The refugee crisis that has dominated European headlines for a week took hold in Hungary two months ago. For weeks, Budapesters passing through Keleti regularly saw a few dozen - sometimes even a hundred - refugees hanging round, occasionally sleeping rough at the station. Marc Speer, a Budapest-based NGO worker of the organization Border Monitoring, thinks there are two main reasons why the humanitarian disaster suddenly unfolded at the end of August.

"For one thing, it's just that a lot more people came," he told DW. "About a month ago, we had about 1,500 people coming over the border every day - those numbers rose recently to 2,500 and sometimes to over 3,000. And the other factor is that fewer people got away." The usual turnover as people milled around for a few days until they found smugglers to get them out was abruptly halted with the tragedy in Austria, when 71 people were found suffocated in the back of a truck.

"After that disaster, the path was blocked for a lot of people, because Austria tightened the border, and the smugglers stopped their work," he said. "And then, of course, they weren't allowed on the trains - that's how those circumstances came about."

Farce and self-delusion

For the Hungarian refugee support groups, the chaos that has been playing out in Budapest, Vienna and Munich in the past week is only a large-scale, concentrated version of the farce and self-delusion that has marked the European Union's migration policy for years.

Budapest nach München Passkontrolle Flüchtlinge Zug Bahnhof
Budapest's Keleti train stationImage: Ben Knight

One of Sunday night's Keleti station volunteers had a good illustration of the schizophrenia of Brussels' current position to hand: he had just returned from Röszke, the Hungarian reception point on the Serbian border, with photos of vans belonging to the EU's border security agency, Frontex. They had Dutch number plates. "So fences are against European values, but Frontex isn't?" an activist associated with the group Migszol wondered.

Up to now, Hungary's policy for refugees arriving at Röszke has been to fingerprint them, register them, and then hand them a rail pass document and tell them to find whichever camp they've been assigned to for themselves. The pass is valid for 48 hours on any Hungarian train. Since many have already decided they want to go to Austria or Germany, they ignore the instructions and often head straight for Keleti station.

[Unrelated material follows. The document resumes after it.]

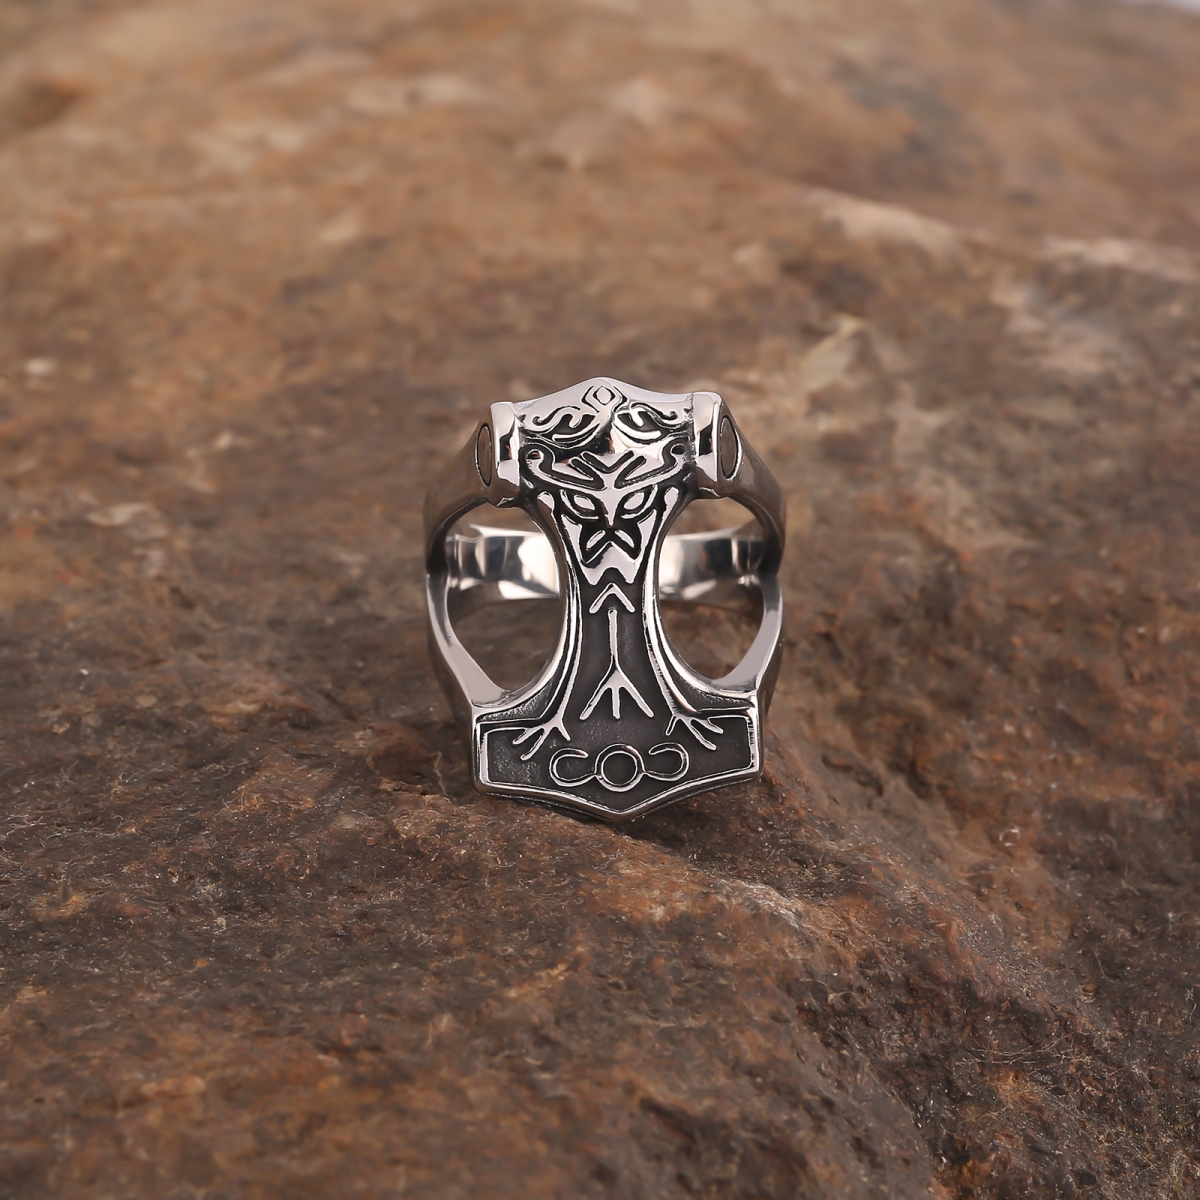 Where to buy viking jewelry-NORSECOLLECTION- Viking Jewelry,Viking Necklace,Viking Bracelet,Viking Rings,Viking Mugs,Viking Accessories,Viking Crafts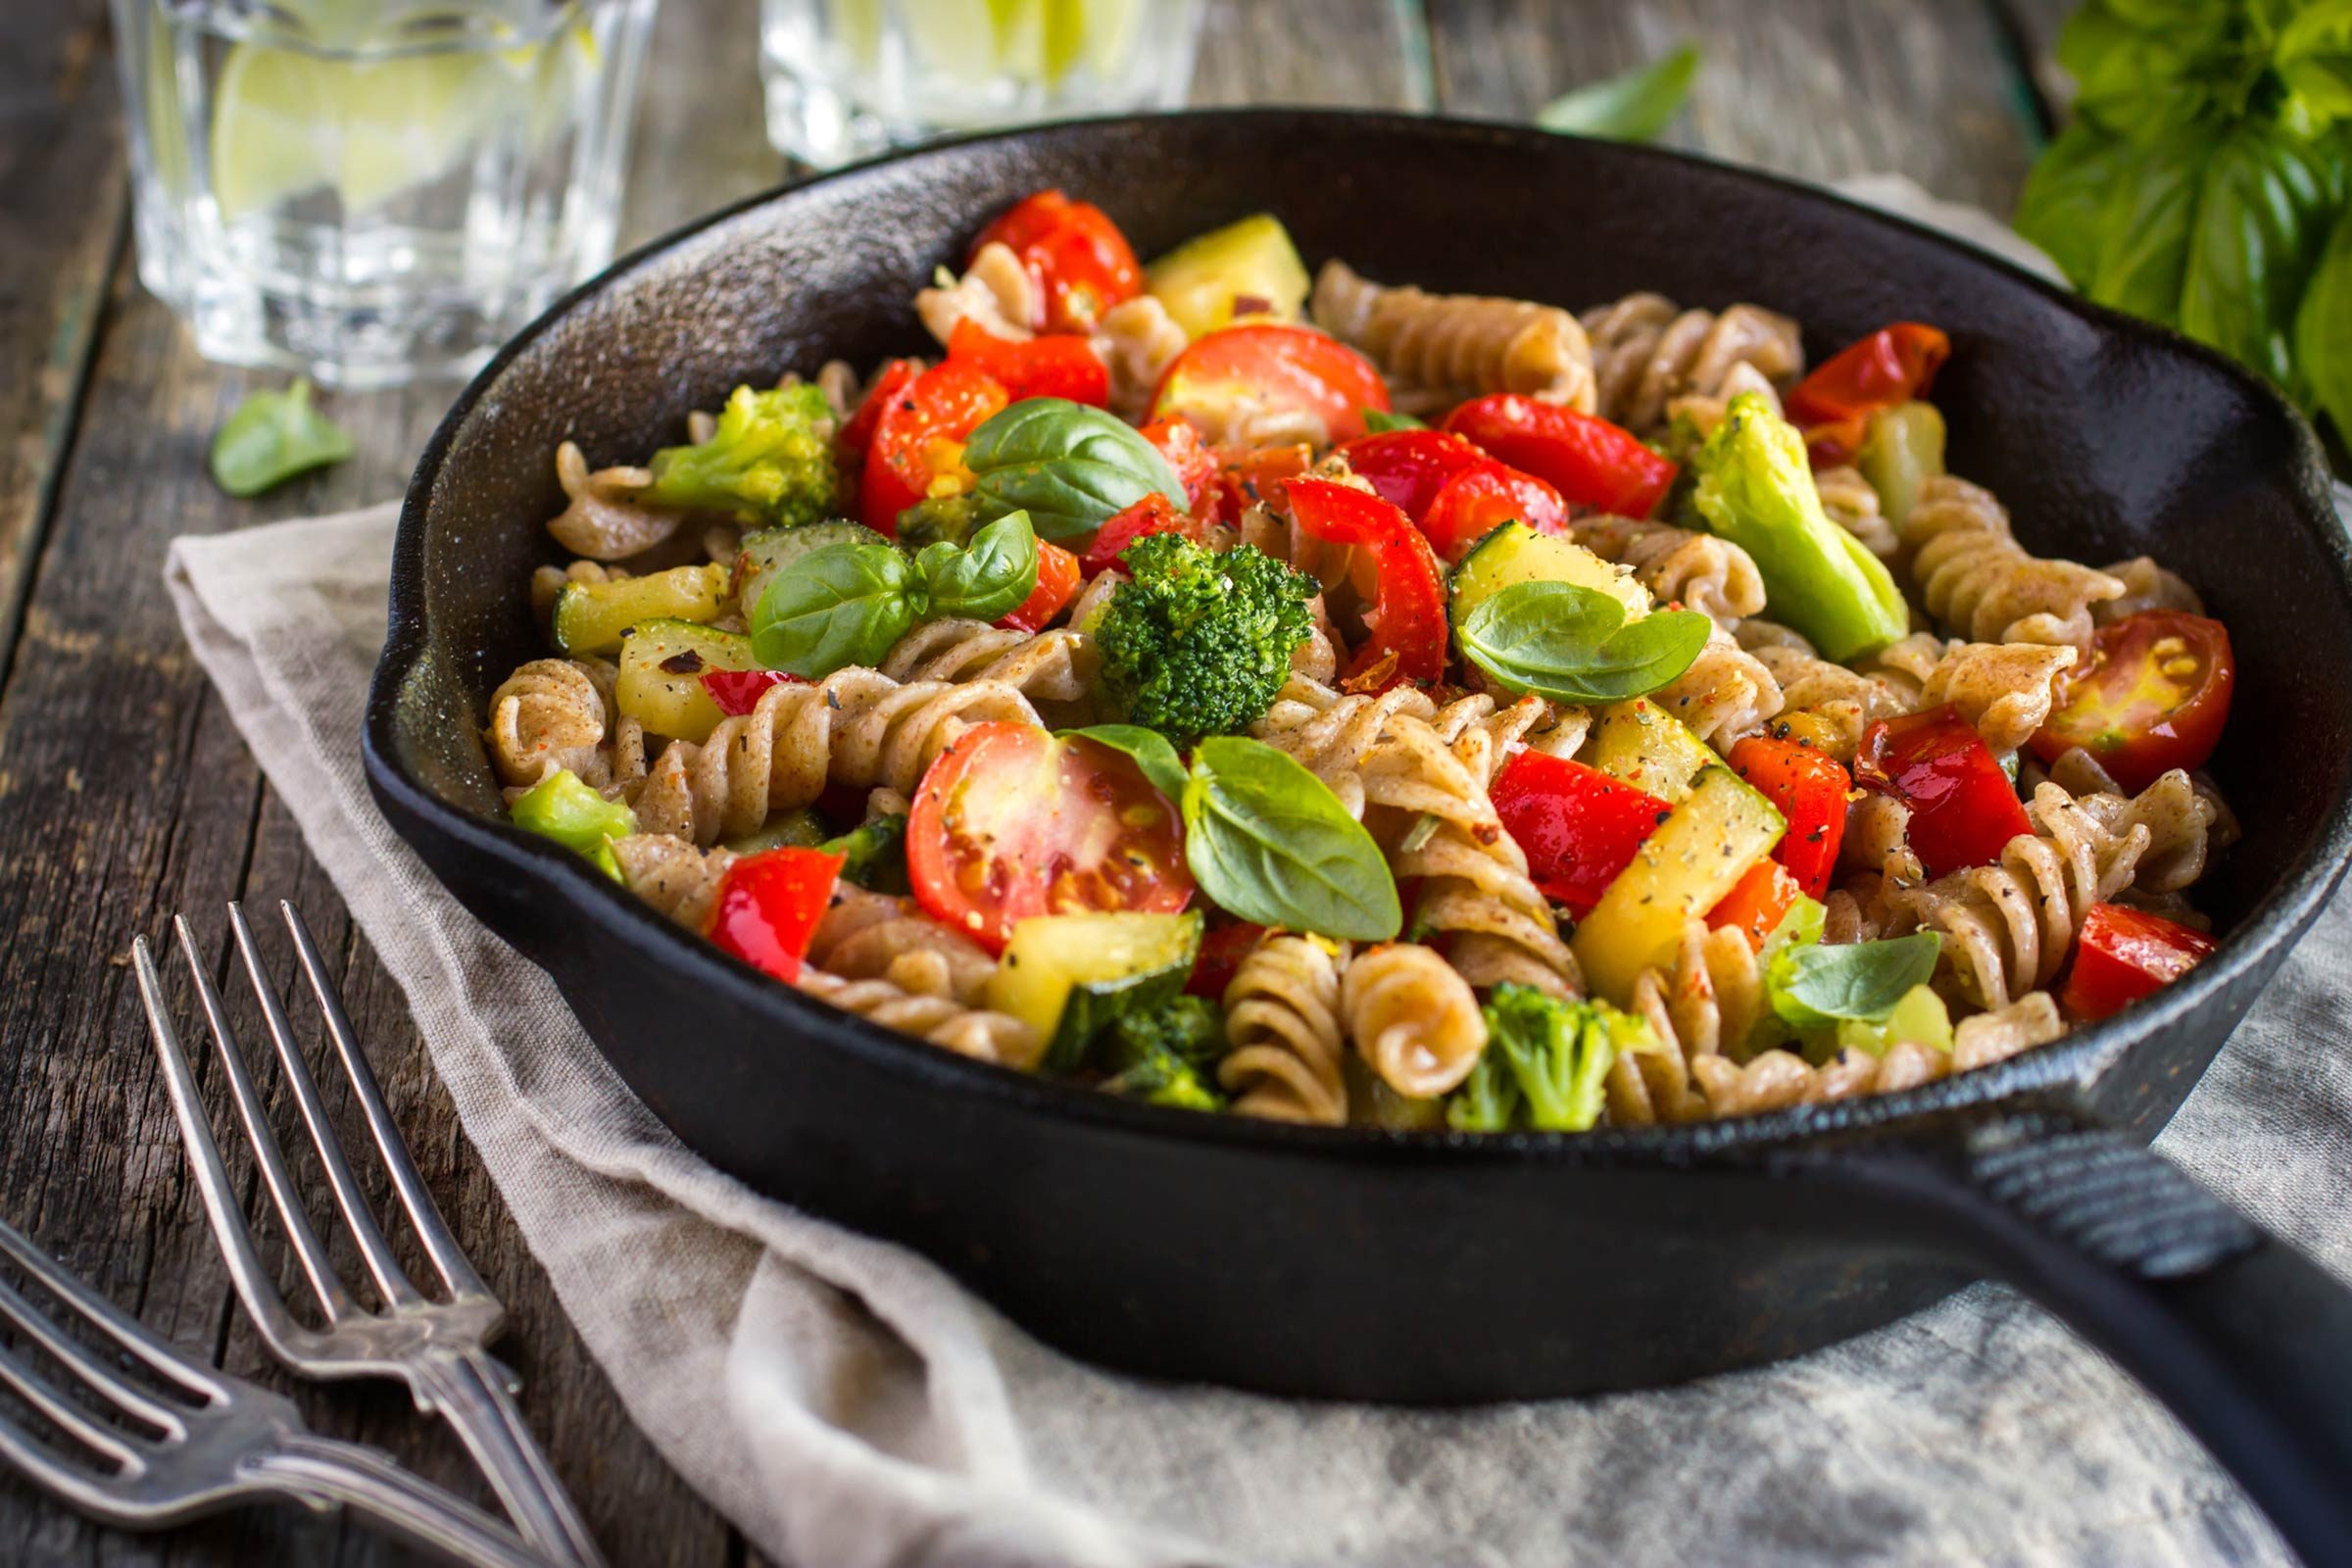 cast iron skillet of pasta and vegetables

But as of this weekend, all that is over, according to Zsohar - the Hungarian authorities have apparently decided to detain new arrivals at Röszke. "A lot of people are still coming to Hungary - between 1,800 and 2,000 every day, but where they're taking them I don't know," she said. By the evening, rumors began to spread that around 1,000 refugees had set out on the 250-kilometer (155-mile) march to Budapest.

The de facto transit visa

There has been much speculation that Hungarian Prime Minister Viktor Orban deliberately created the current bottleneck in order to prove a point to Brussels. But that's not the whole story, according to Speer. "I am sure Germany and Austria applied pressure behind the scenes not to allow people travel on," he told DW. As the disaster of this policy became apparent, the Hungarian government was shamed into providing special buses to transport people to the Austrian border. But this, Merkel and Orban agreed during a phone call on Saturday evening, was an "emergency solution" - a humanitarian exception to the rule of Dublin.

Whatever the political machinations at European level, it's been an open secret that Hungary has for years been quietly ignoring the Dublin rule, engineering its bureaucracy and its social security system to discourage asylum seekers from staying and to encourage them to keep moving north.

Budapest Flüchtlinge Afghanistan Lager Park Keleti
Refugees search through donated goods at Budapest's Keleti stationImage: Ben Knight

A refugee's only chance of staying in Hungary is to sign an "integration contract" - this means that in exchange for being recognized as a refugee, they must report to a "family care" official every week for six months, and every month for the following two years. But in practice, very few have taken this route.

"The asylum application is a de facto transit visa," said Speer. "On paper you're an asylum seeker, but practically it's a transit visa. And the Greeks and the Macedonians and the Serbians do exactly the same."